What would you do?

I’d put the ant in the garden and eat the cake. If I had a spouse, I’d offer half, but I don’t think I’d warn him about the ant, because I don’t think it’s an issue.

An ant would not stop me from eating delicious cake.

Flashback to a camping trip when I was a small child. Mom had made a colorful cake with stripes of pink and yellow. You know what likes bright colors? BEES. So I have this plate of delicious cake and it’s swarming with bees, and I already know not to swat at bees, but they’re all over this slice of cake and I’m trying to figure out how to eat it and not irritate the bees, and dad starts yelling, “Eat the cake! You’d better eat that cake!”

sob

Then I’d dump the cake. Not rational, I know, but the little brown ants give me the willies. They seem more devious, somehow, and they swarm.

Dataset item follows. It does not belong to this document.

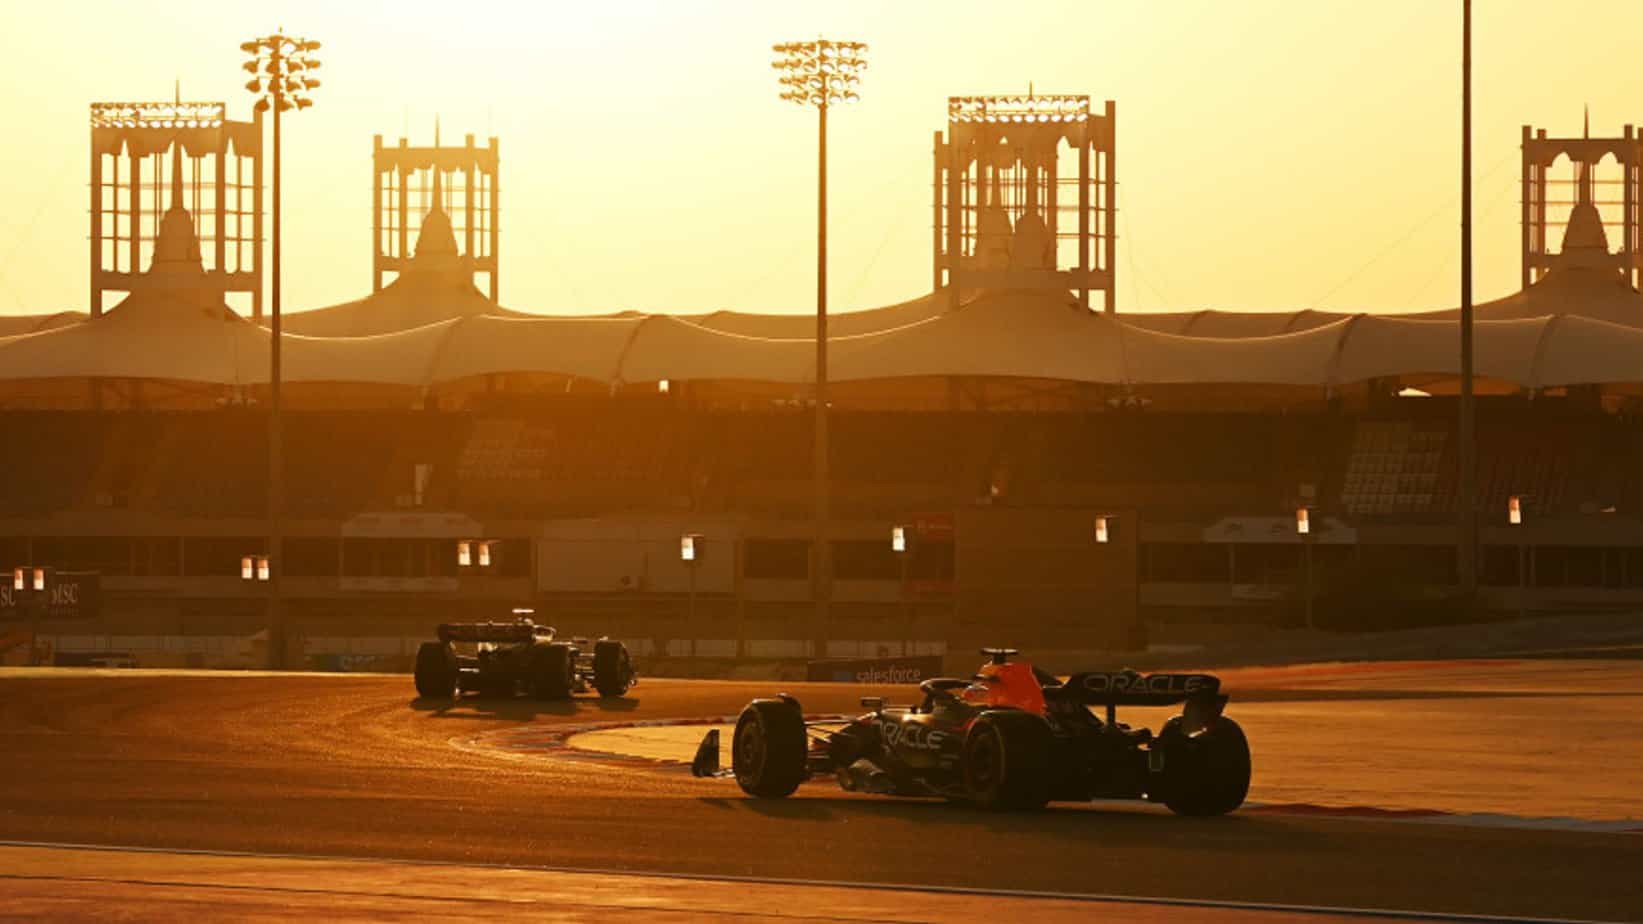 Vista previa y cuotas de apuestas del GP de Bahréin 2023

Plus, they’d camouflage way to well the the coffee cake crumble topping.

I figured he’d be all over that cake til he ate himself to death. Evidently it wasn’t his favorite because I didn’t have to pick him off.

Kill the SPOUSE, eat the cake. ::cackles::

I’d humanely release the ant (at the same time, weeping with the knowledge that it would be unlikely to find its way back to the nest, unless released in exactly the right place), then either eat the cake, or give it to the spouse (mentioning the ant).

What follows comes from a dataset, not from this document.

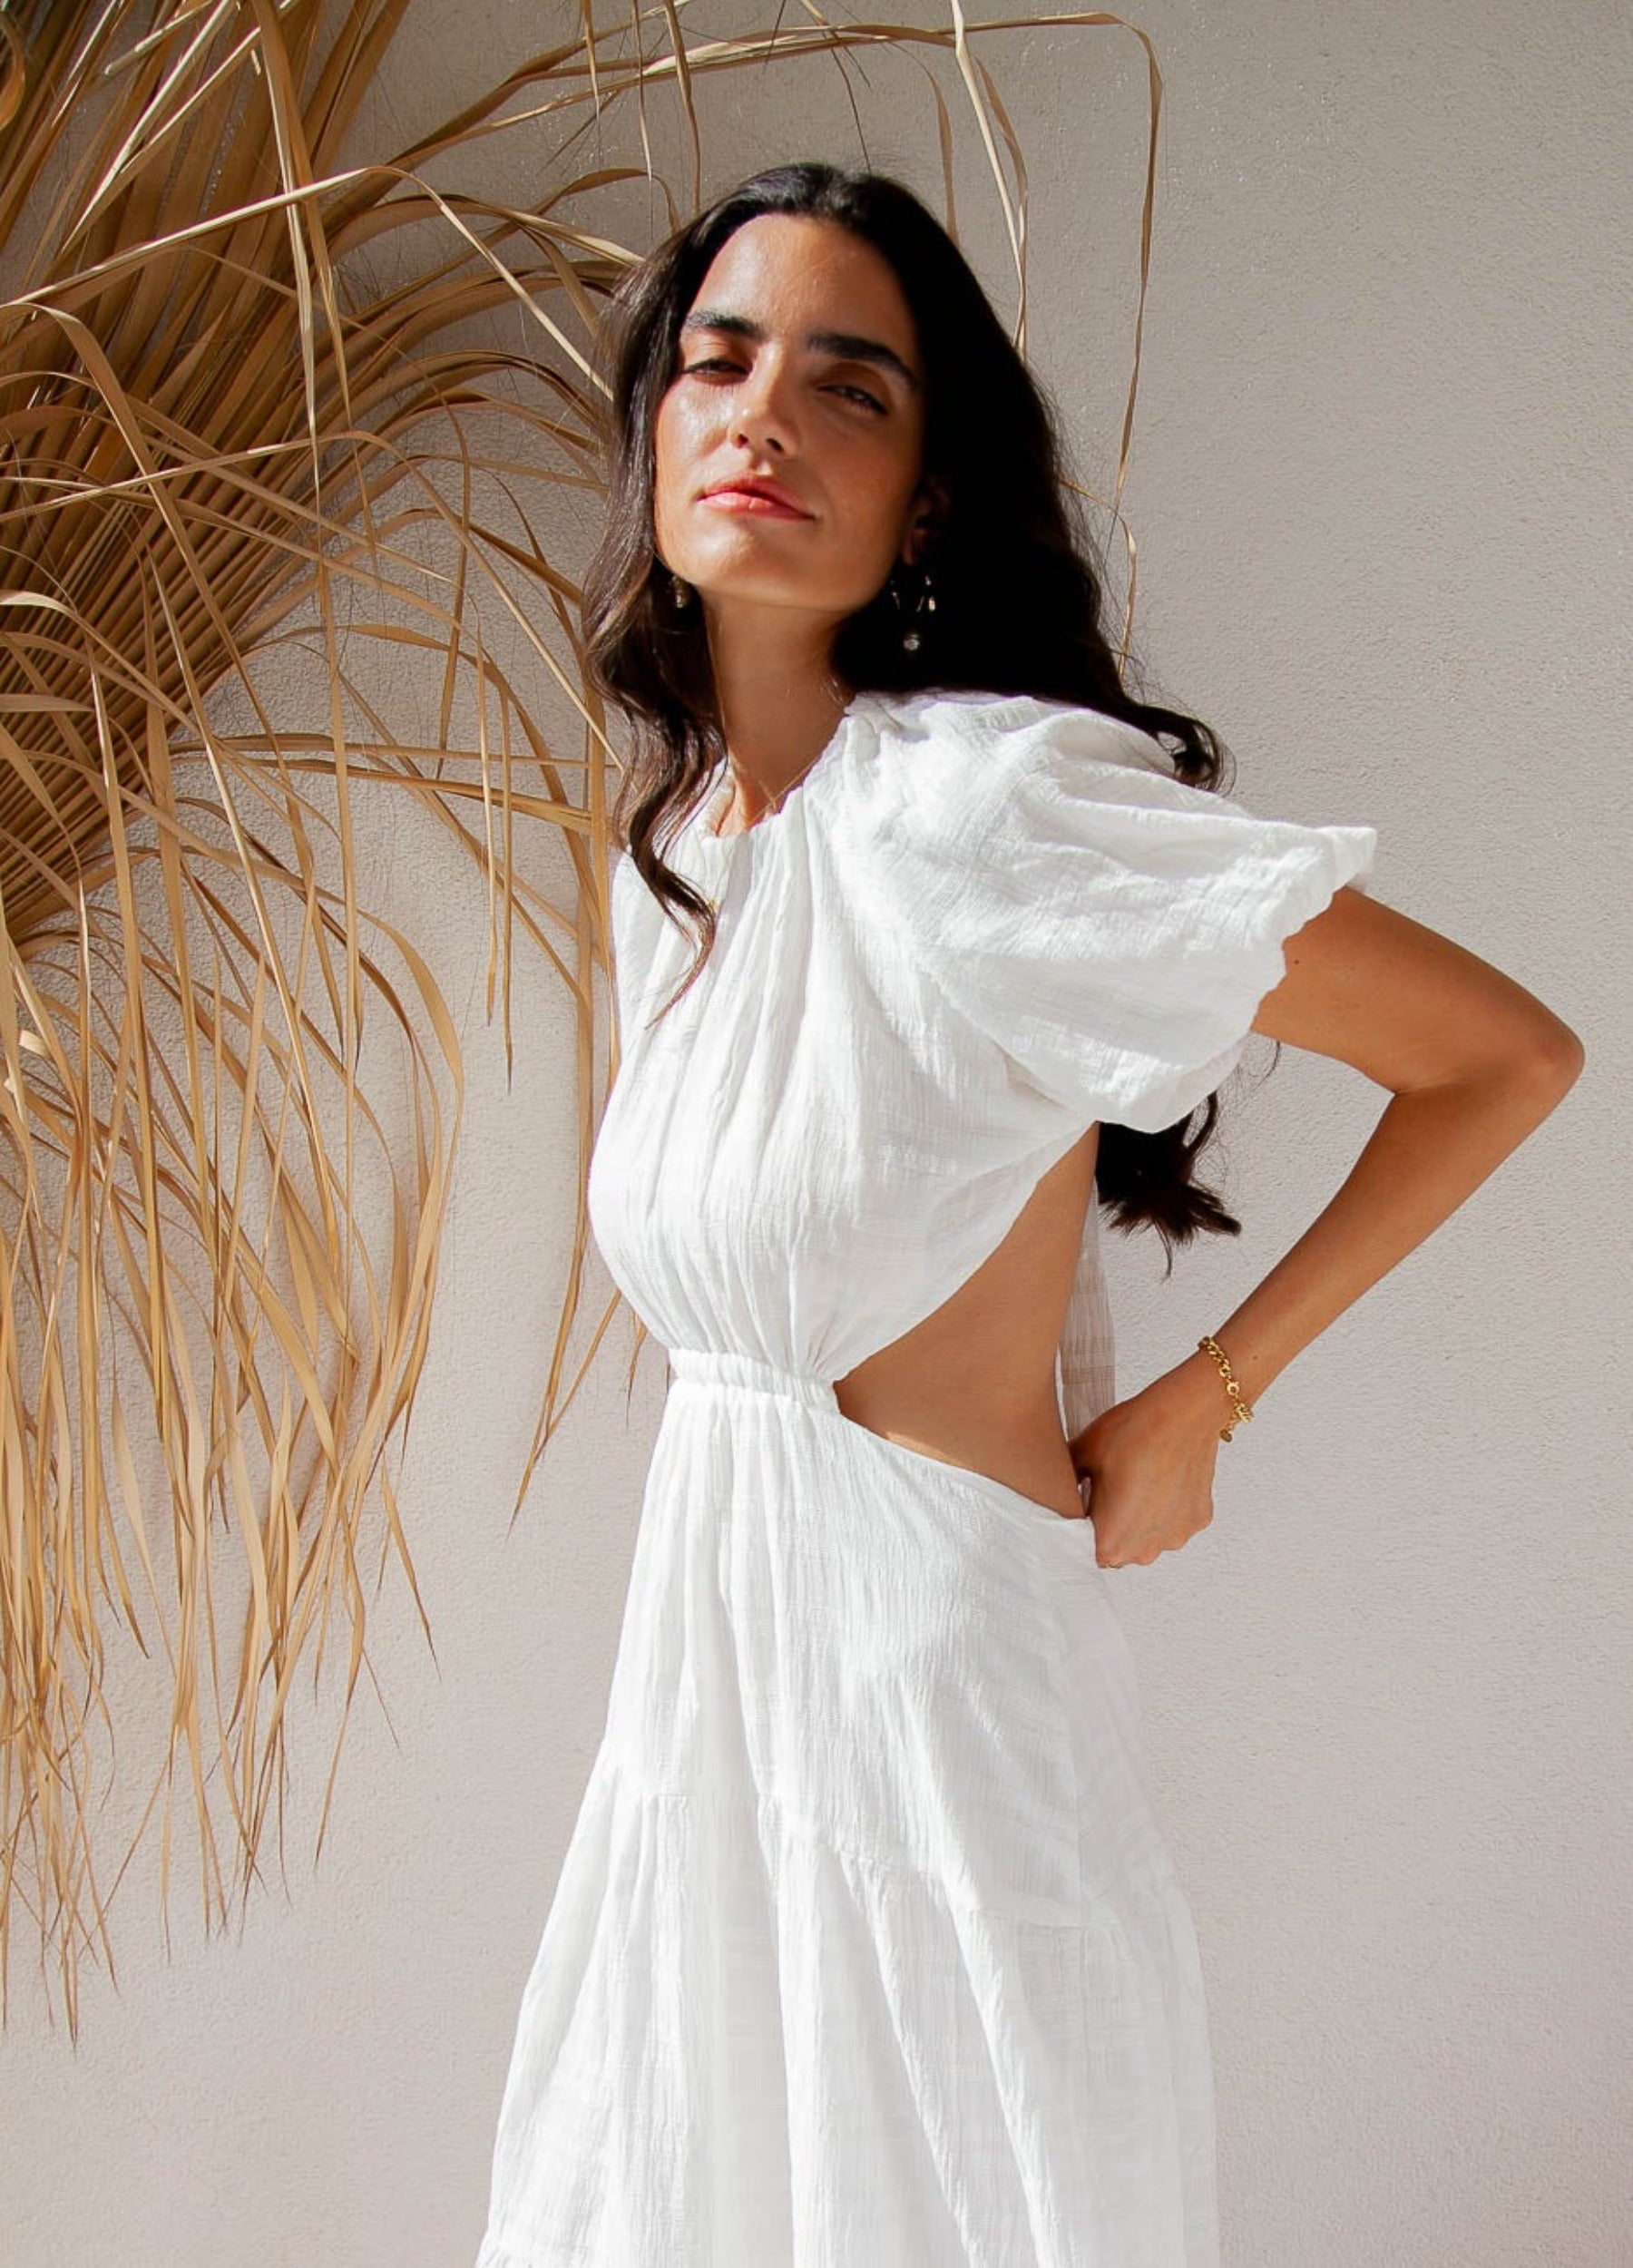 Woman wearing a white dress

Ants aren’t dirty, as far as I’m concerned. If it was a bluebottle fly, I’d throw out the cake.

About 6 months ago, I opened a Pop-Tart and a maggot fell out. I threw it away, but opened another package and ate it. But since then, I haven’t been able to eat Pop-Tarts at all.

An ant wouldn’t bother me, though. I’d eat it. The coffee cake, not the ant.

Eat cake, kill ant. Spouse only gets cake if he’s here to claim it. If he’d asked me to bring him cake, and *that *was when I’d found the ant … I guess I’d put the cake on a clean plate and give it to him. I might think to tell him about the ant, but I don’t think it would bother him.

eta: gosh, Gala Matrix Fire, that sounds like some serious trauma. I’m not sure if I’d be frightened of bees or cake afterwards.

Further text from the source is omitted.